Let \(f(T)\) denote the set of strings that can result from the operation on \(T\). Additionally, when the size of \(f(T)\) is \(1\), let \(g(T)\) denote the resulting string.

The necessary and sufficient condition

Let us first consider \(S_i\) that contains one of the \(S_j\)’s \((i\neq j)\). If greedily removing \(S_j\)’s \((j \neq i)\) from the beginning of \(S_i\) makes it empty, \(f(T)\) is not affected by the existence or absence of \(S_i\). Therefore, we may remove such \(S_i\) without changing the answer. If \(S_i\) does not become empty, \(S_i\) itself is a bad string.

If this process does not find a bad string, \(S_j\) is not a substring of \(S_i\) for any \(S_i\) and \(S_j\) \((i\neq j)\). Now, the necessary and sufficient condition for there to be no bad string is:

• there is no strings \(A\), \(B\), \(C\) \((A\neq C)\) and integers \(1\leq i,\ j \leq n\) such that \(S_i=A+B\) and \(S_j=B+C\).

Proof

• Necessity

Assume that \(A\), \(B\), \(C\) and \(i\), \(j\) with the above properties exist. First, if \(A\) or \(C\) contained one of the \(S_k\)’s, \(S_i\) and \(S_j\) would also contain that string as a substring. Thus, both \(A\) and \(C\) contain none of the \(S_k\)s, so we have \(f(A)=\{A \},\ f(C)=\{C \}\). Therefore, we have \(\{A,\ C\} \subset f(A+B+C)\), so \(T=A+B+C\) is a bad string since \(A\neq C\).

• Sufficiency

We will show that the size of \(f(T)\) is \(1\) for any \(T\) by induction on \(|T|\). The starting case where \(T\) is an empty string is clear.
Now, assume that the size of \(f(T')\) is \(1\) for strings \(T'\) shorter than \(T\). Let \(T'_1\) and \(T'_2\) be the strings obtained by removing \(S_i\) and \(S_j\) somewhere from \(T\), respectively. We need to show that \(g(T'_1)=g(T'_2)\). If the positions of the removed strings overlap, it follows from the conditions above that \(T'_1=T'_2\), so \(g(T'_1)=g(T'_2)\). If the positions do not overlap, we can take a string \(T'_3\) obtained by removing both \(S_i\) and \(S_j\) from \(T\), for which \(g(T'_1)=g(T'_2)=g(T'_3)\).
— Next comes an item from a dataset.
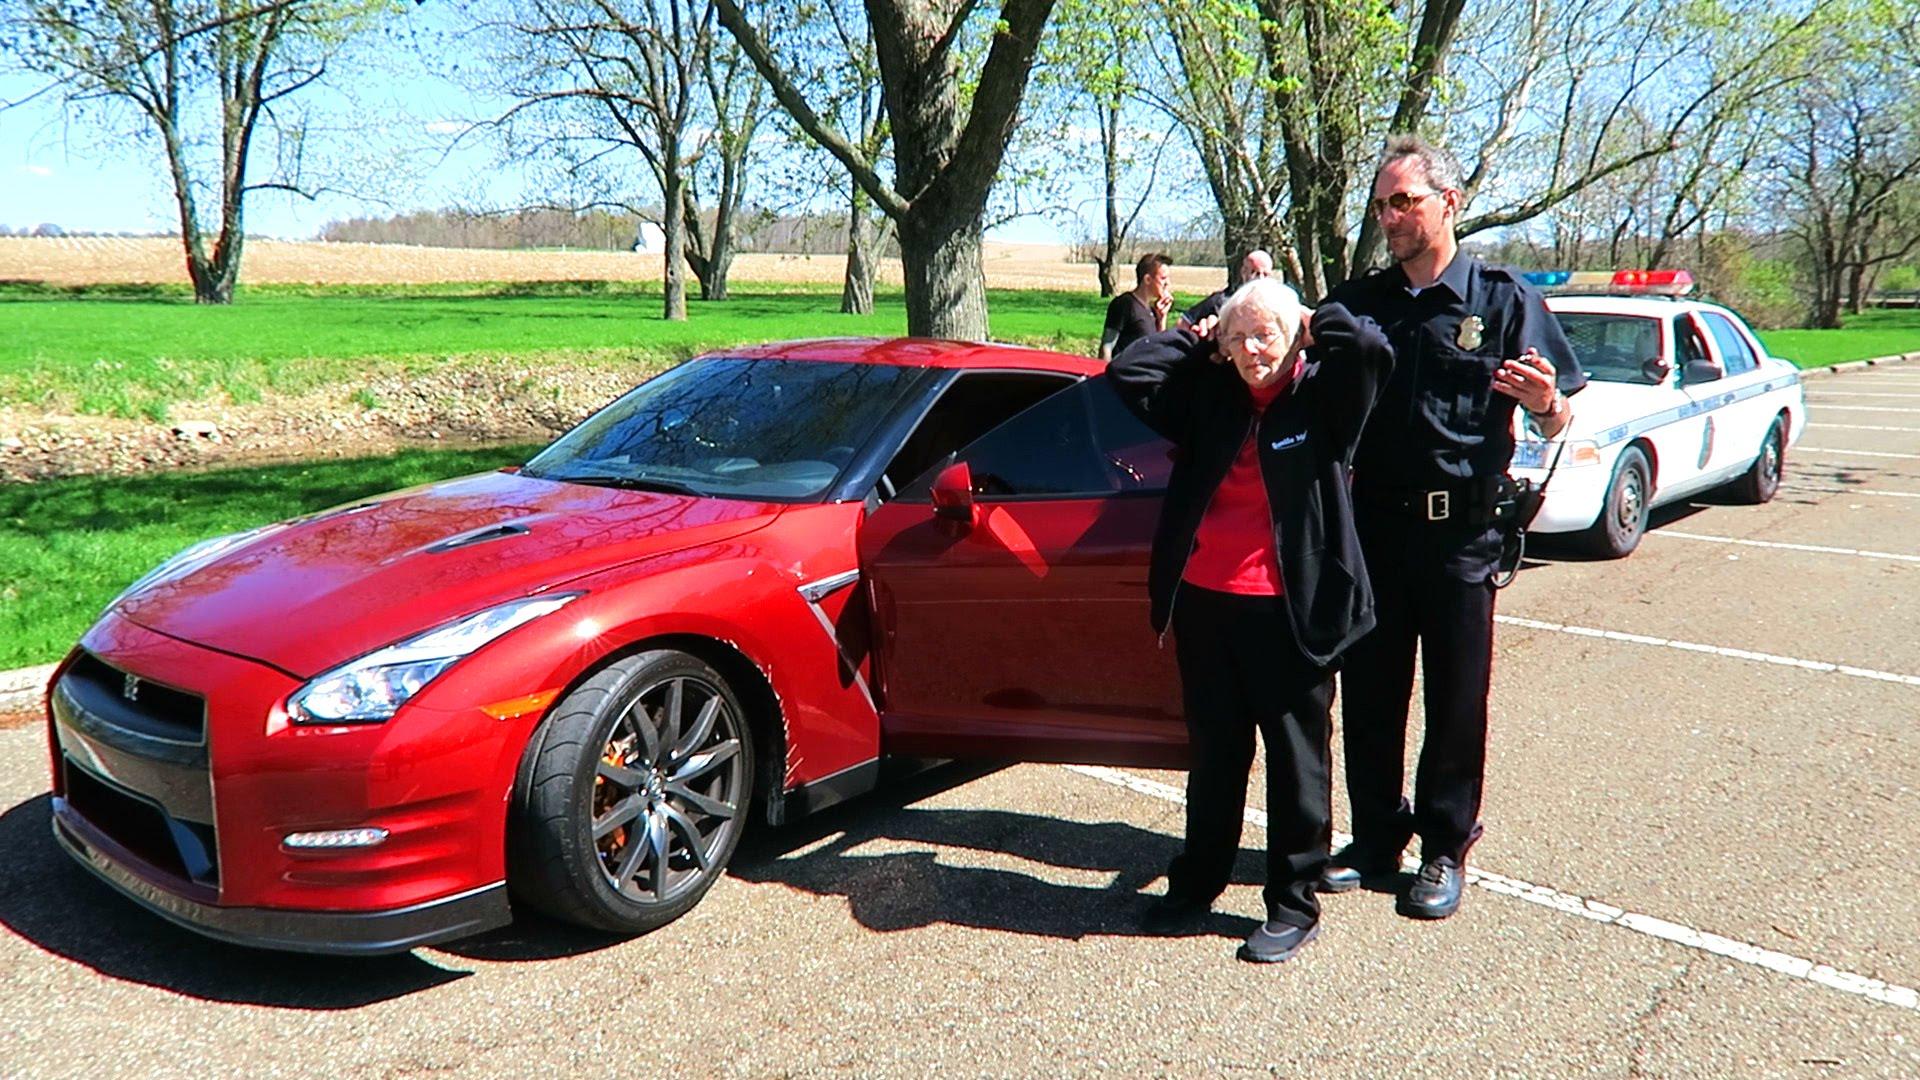 Grandma Gets Arrested PRANK

Therefore, the problem can be solved by:

• Step 1: removing \(S_i\)’s that can be made empty by removing shorter \(S_j\)’s, and
• Step 2: determining whether the necessary and sufficient condition above is satisfied.

Step 1

Let us add the characters of \(S_i\) one by one to an empty string, and whenever the current string ends with one of the \(S_j\)’s, remove that ending. This can be done in \(O(|S_i|)\) time with the Aho-Corasick algorithm. However, if we use failure links to move between nodes, we may perform many moves taking \(\Theta(|S_i|)\) time (when, for example, \(S=\{\) AAA…AAA, C, BD, AAA…ABDCCC…CA\(\}\)). We should precompute the next node for every character at every node. This can be done in \(O(\sigma \sum_{i=1}^{N}|S_i|)\) time in a way similar to finding the failure links.

Step 2

Let us record the \(j\) such that the length-\(n\) suffix of \(S_i\) and the prefix of \(S_j\) match, for each \((i,\ n)\). Those \(j\)’s can be listed in \(O(|S_i|)\) time by traversing down the trie to the end and then tracing failure links. We only need to record one \(j\) because if two or more prefixes of \(S_j\)’s match the same suffix, they will not be the \((S_i, S_j)\) we look for.
When \(j\) is recorded for \((i,\ n)\), we need to check whether \(|S_i|=|S_j|\) and \(i\) is recorded for \((j,\ n-|S_i|)\) to see if we have found the pair.

Summarizing the above, the problem can be solved in \(O(\sigma \sum_{i=1}^{N}|S_i|)\) time.